The plaintiff's lease in the case at bar did not call for the alterations and additions which were the means of producing the damages complained of. Has such been their character, then the liability of the lessors might be placed in a different light. They were not necessary as repairs caused by ordinary wear and tear of the leased premises, for these were, under the lease, to be made by the lessee. Nor, as I have said, can they be classed as urgent repairs, under the provisions of article 1558, necessary for the preservation of the building. They were entirely outside the plaintiff's lease, were undertaken at defendants' express request, and were ultimately to inure to their benefit as a permanent improvement to the property. It seems clear, therefore, that in undertaking these alterations, or in authorizing others to undertake them, the lessors should have taken precautions to see that their covenant for the peaceful and quiet possession of the plaintiff should not be violated. The record shows that no mention was made of the plaintiff in the contract with the hotel people, nor in the contract with the contractor who actually performed the work, and further, that he was not consulted as to the manner in which the work should be performed. More than this, on being informed of the damages being sustained by the plaintiff during the progress of the work, the defendants made no attempt to prevent a continuance of the disturbance.

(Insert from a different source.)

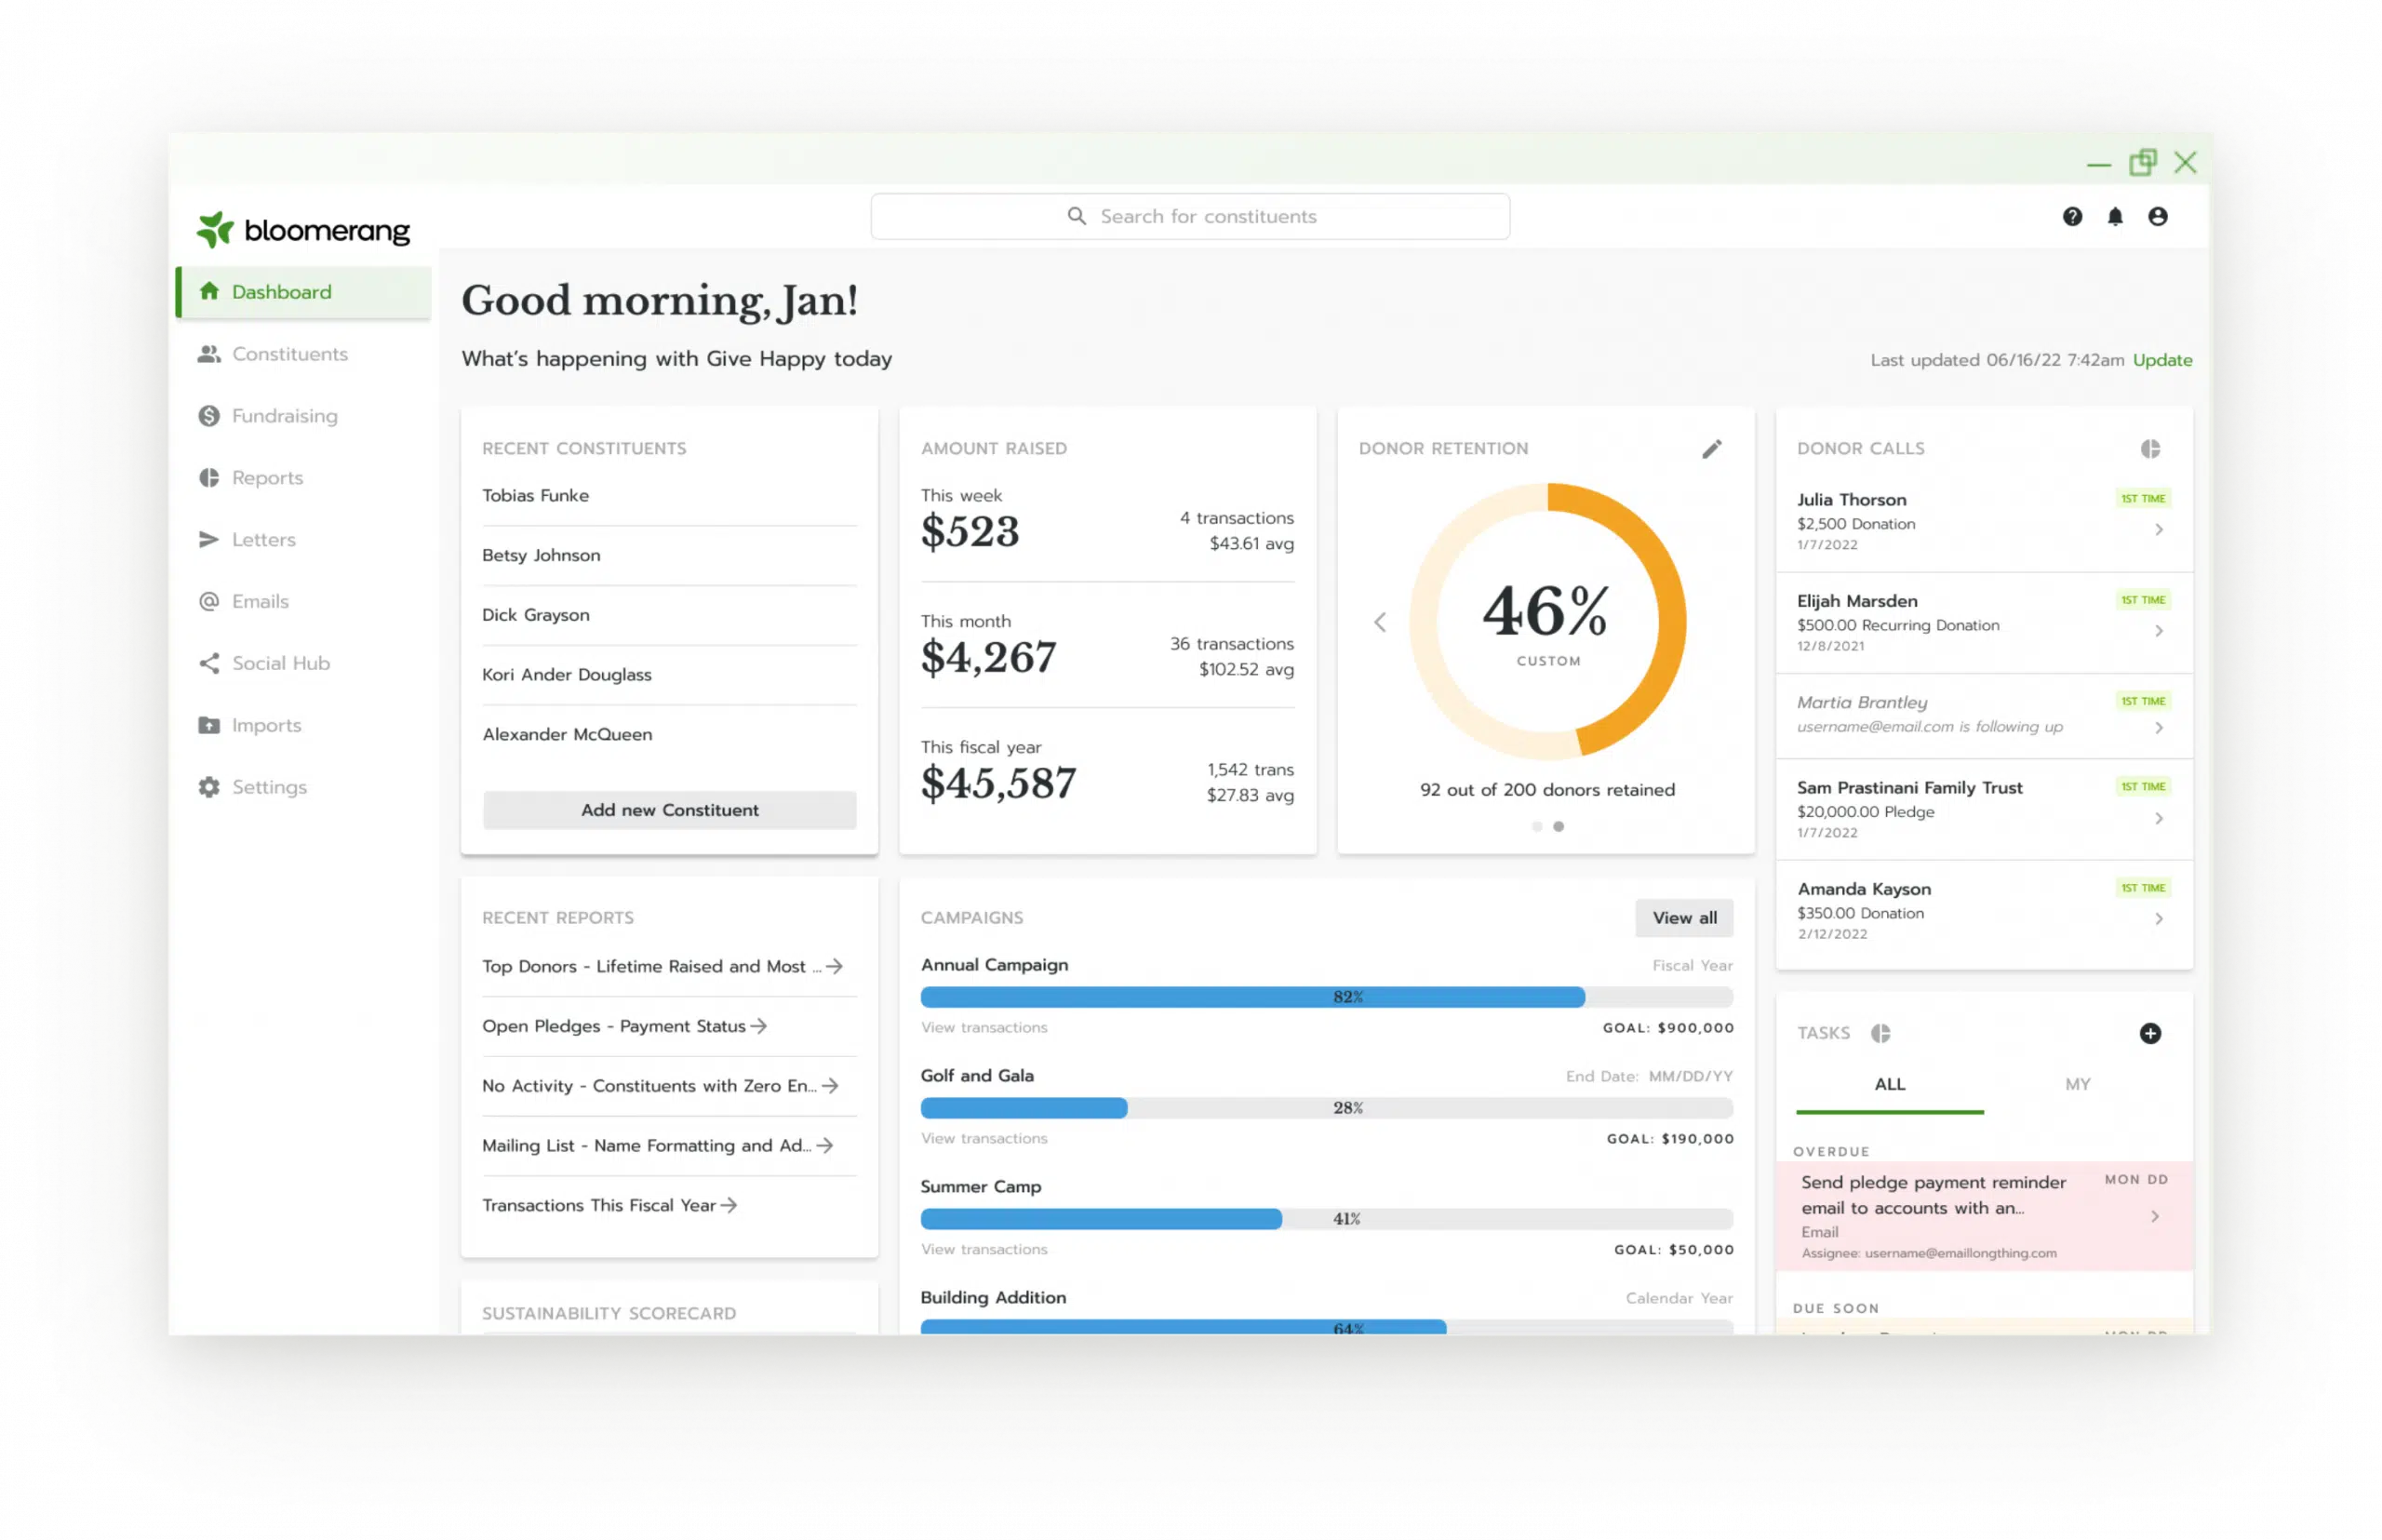 Bloomerang's desktop dashboard user interface is shown, highlighting an example nonprofit organization's recently joined constituents, active campaigns, tasks, fundraising efforts, a donor retention metric and recent customizable reports that be quickly shared with others..

The defendants could not thus disregard their agreement to maintain the plaintiff in the undisturbed possession of the demised premises, and shift their responsibility to those who were undertaking the alterations to the building for their ultimate benefit. A number of cases are cited by the appellants, but I agree with the trial court that they are not in point. I am, therefore, of the opinion that the defendants are liable under the provisions of paragraph 3 of article 1554 for the damages caused the plaintiff. Under the provisions of article 1556 of the Civil Code, the plaintiff was at liberty to rescind the contract or demand indemnity for losses and damages, leaving the contract of lease in force. He has elected the latter course.

As to the amount of damages allowed by the trial court, I think the evidence fully justifies the amounts allowed for the various items. The judgment should, in my opinion, be affirmed.